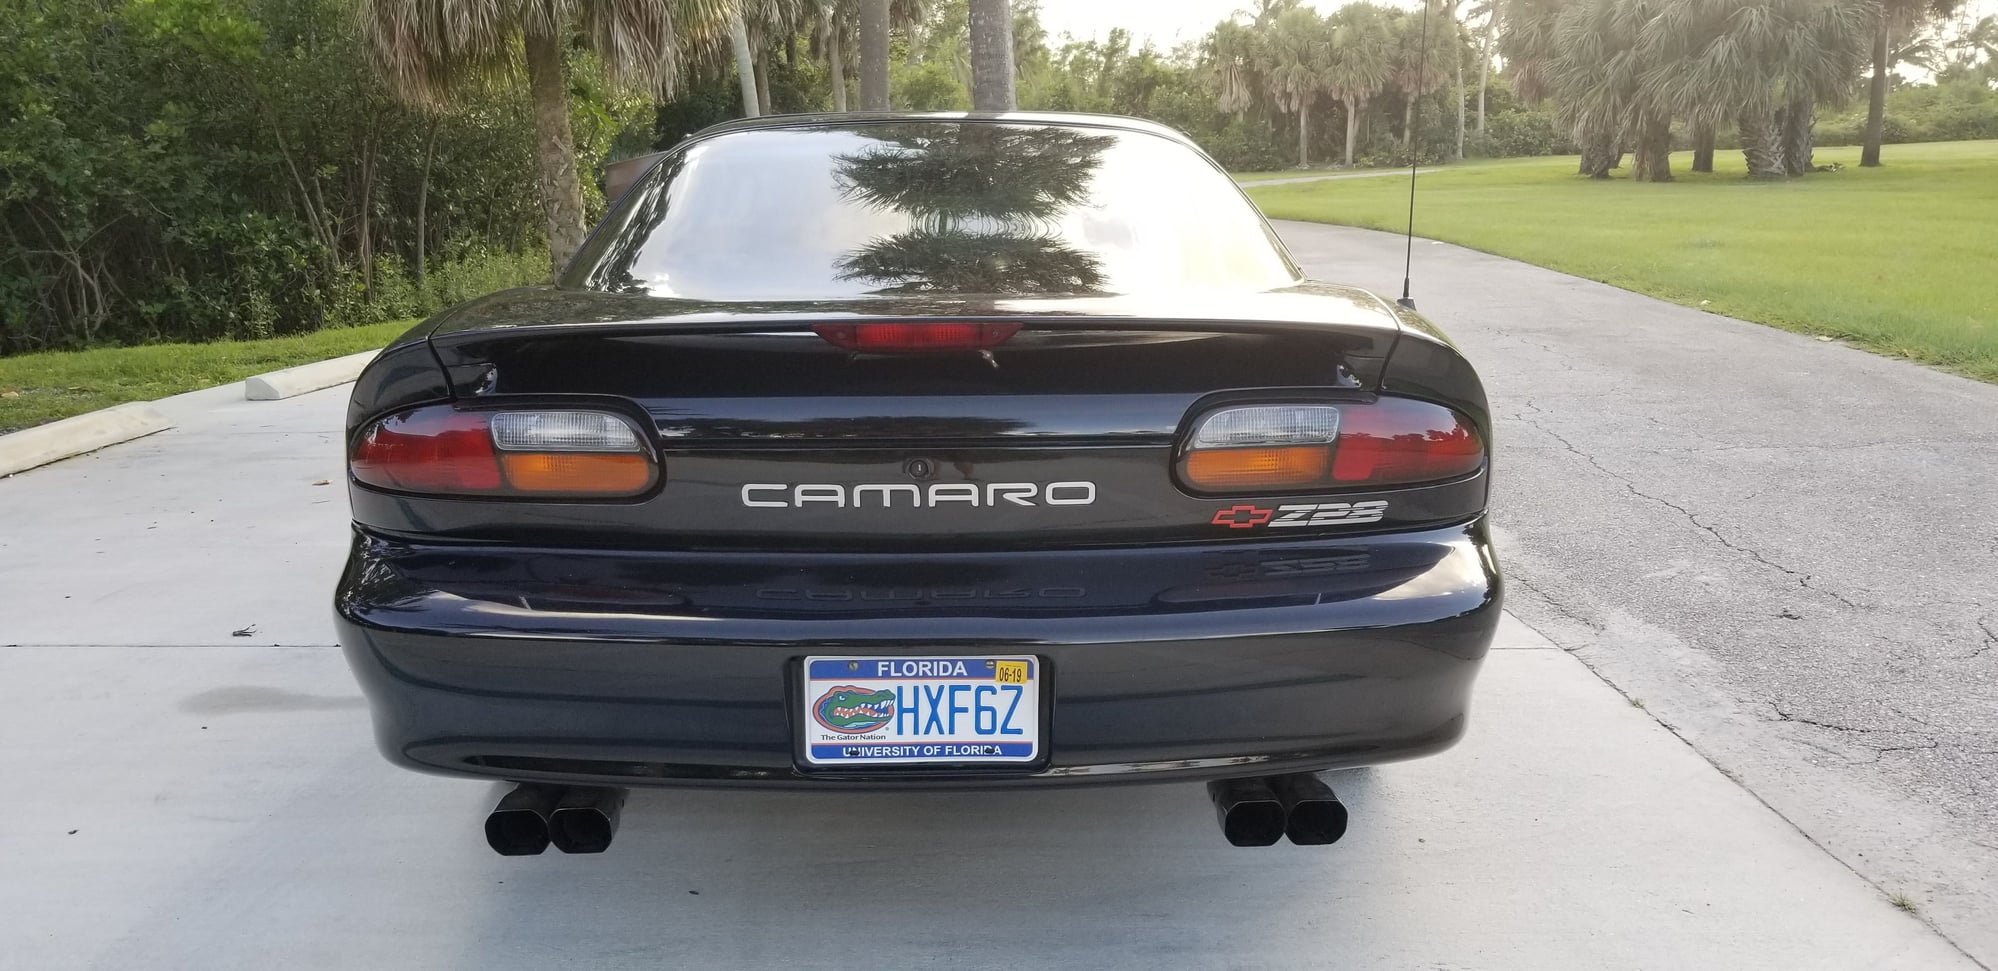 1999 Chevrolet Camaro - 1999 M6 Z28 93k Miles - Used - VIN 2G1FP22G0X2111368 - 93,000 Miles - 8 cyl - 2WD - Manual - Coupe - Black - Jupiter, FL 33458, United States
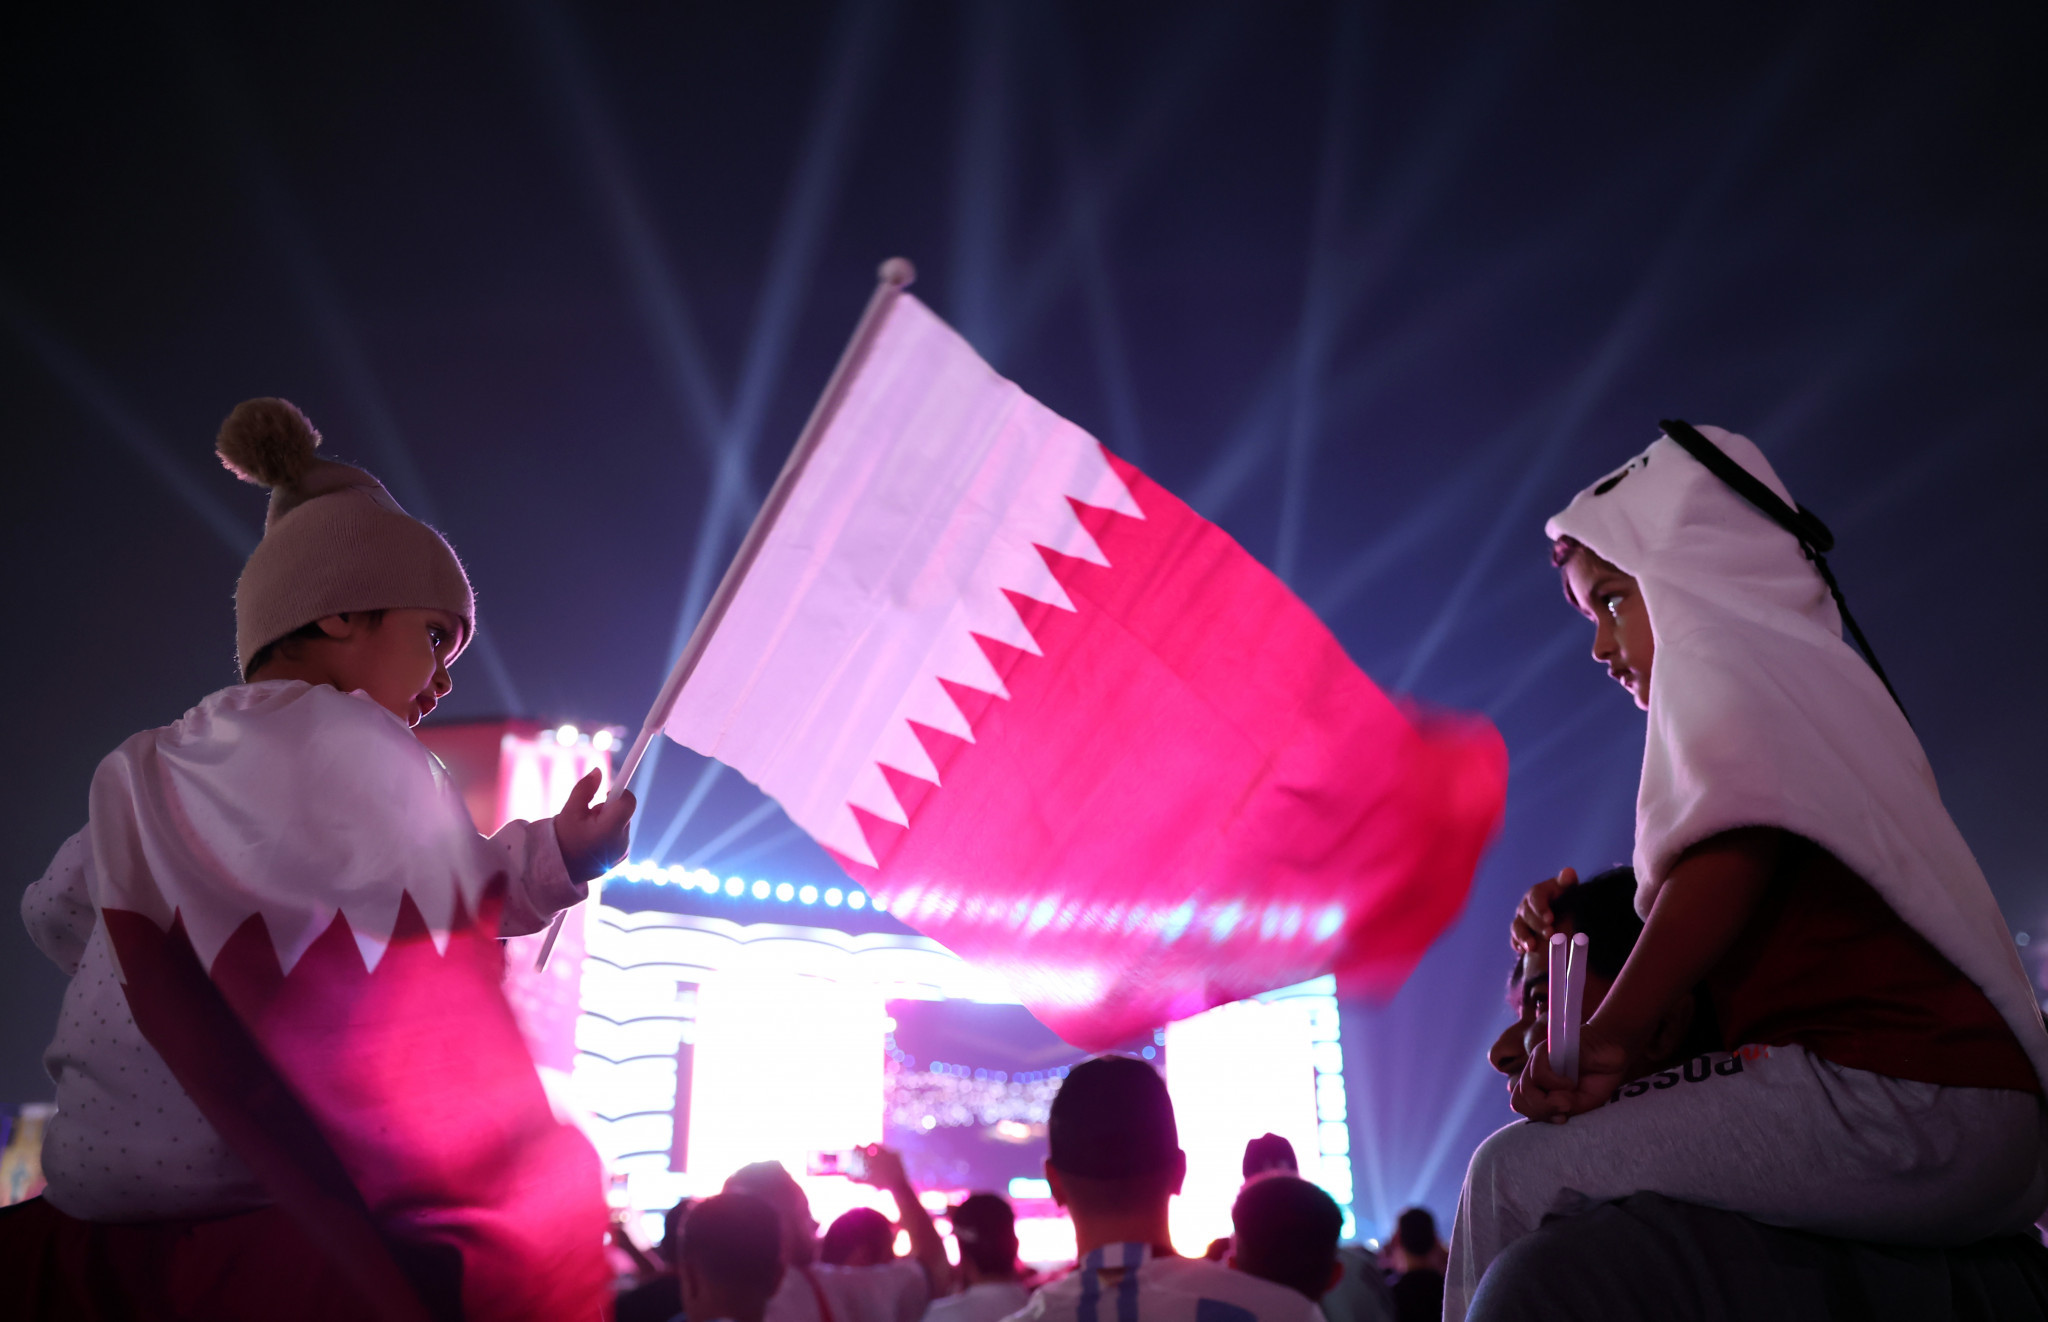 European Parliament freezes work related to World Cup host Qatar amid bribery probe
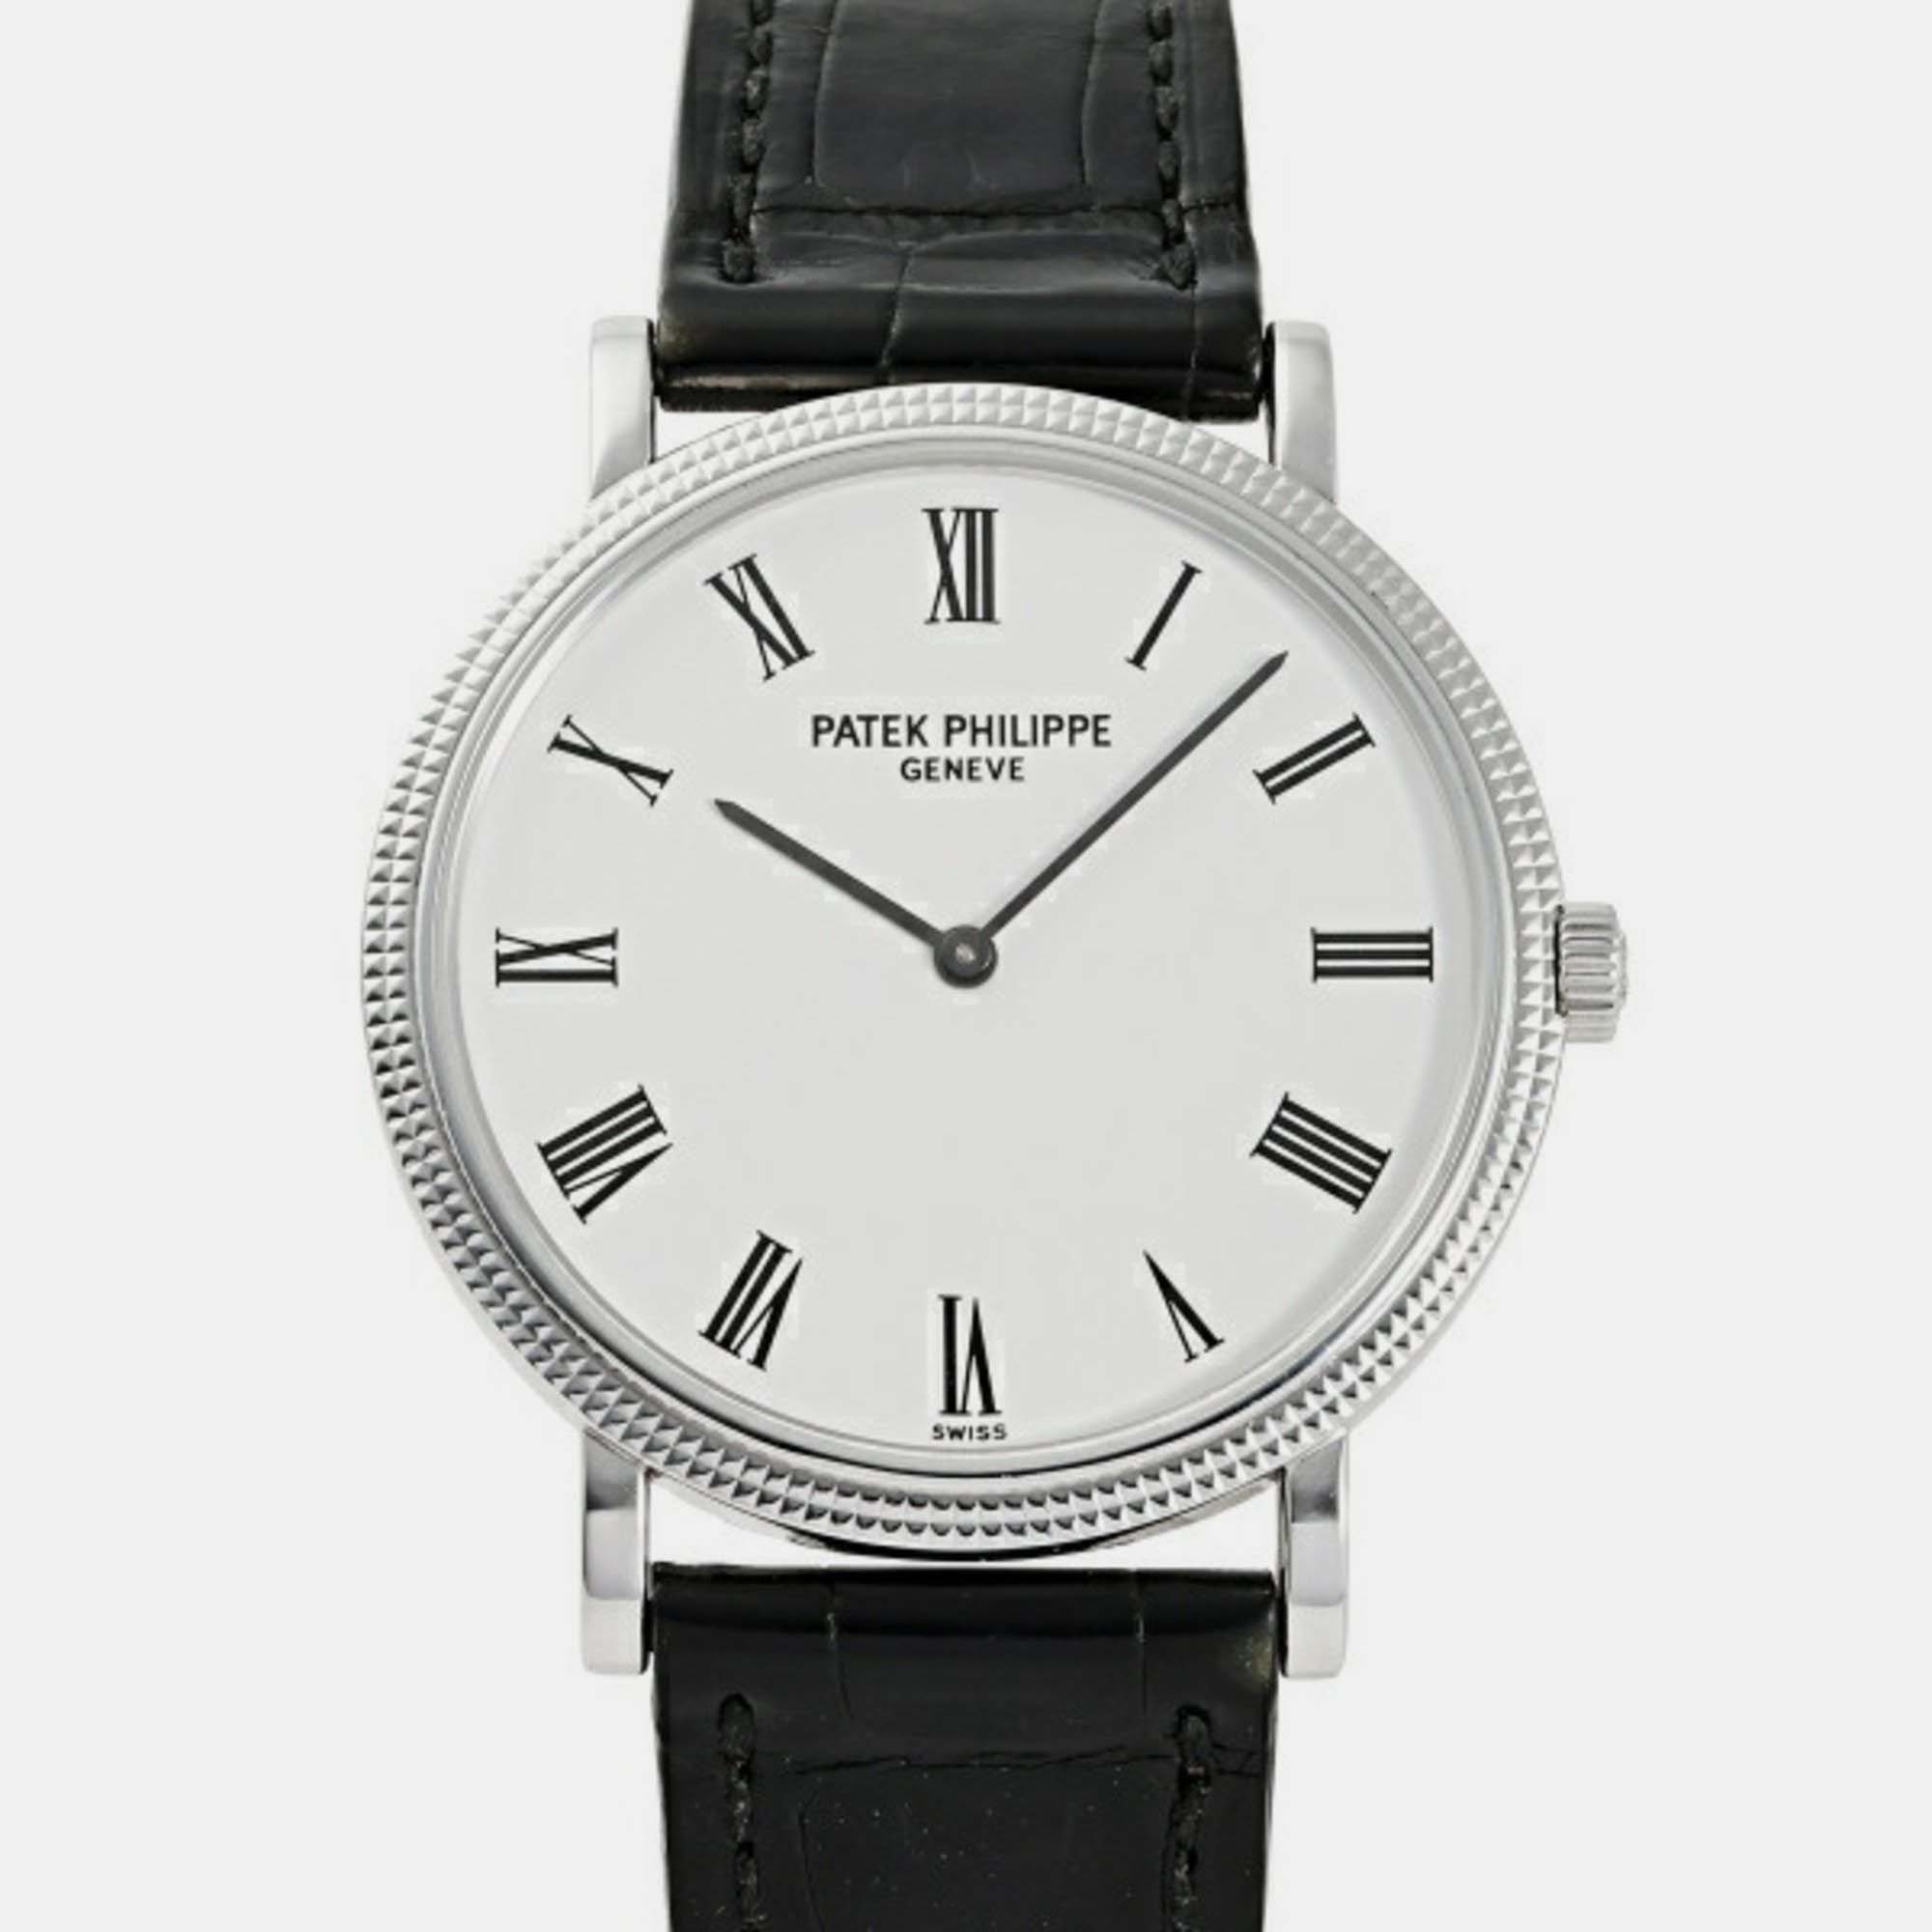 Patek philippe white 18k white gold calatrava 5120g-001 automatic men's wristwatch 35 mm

→ **Exercise directions**
Write out the material above once more, exactly as it reads, with no pictures.

→ **Written solution**
 1999 Chevrolet Camaro - 1999 M6 Z28 93k Miles - Used - VIN 2G1FP22G0X2111368 - 93,000 Miles - 8 cyl - 2WD - Manual - Coupe - Black - Jupiter, FL 33458, United States
 European Parliament freezes work related to World Cup host Qatar amid bribery probe
 Patek philippe white 18k white gold calatrava 5120g-001 automatic men's wristwatch 35 mm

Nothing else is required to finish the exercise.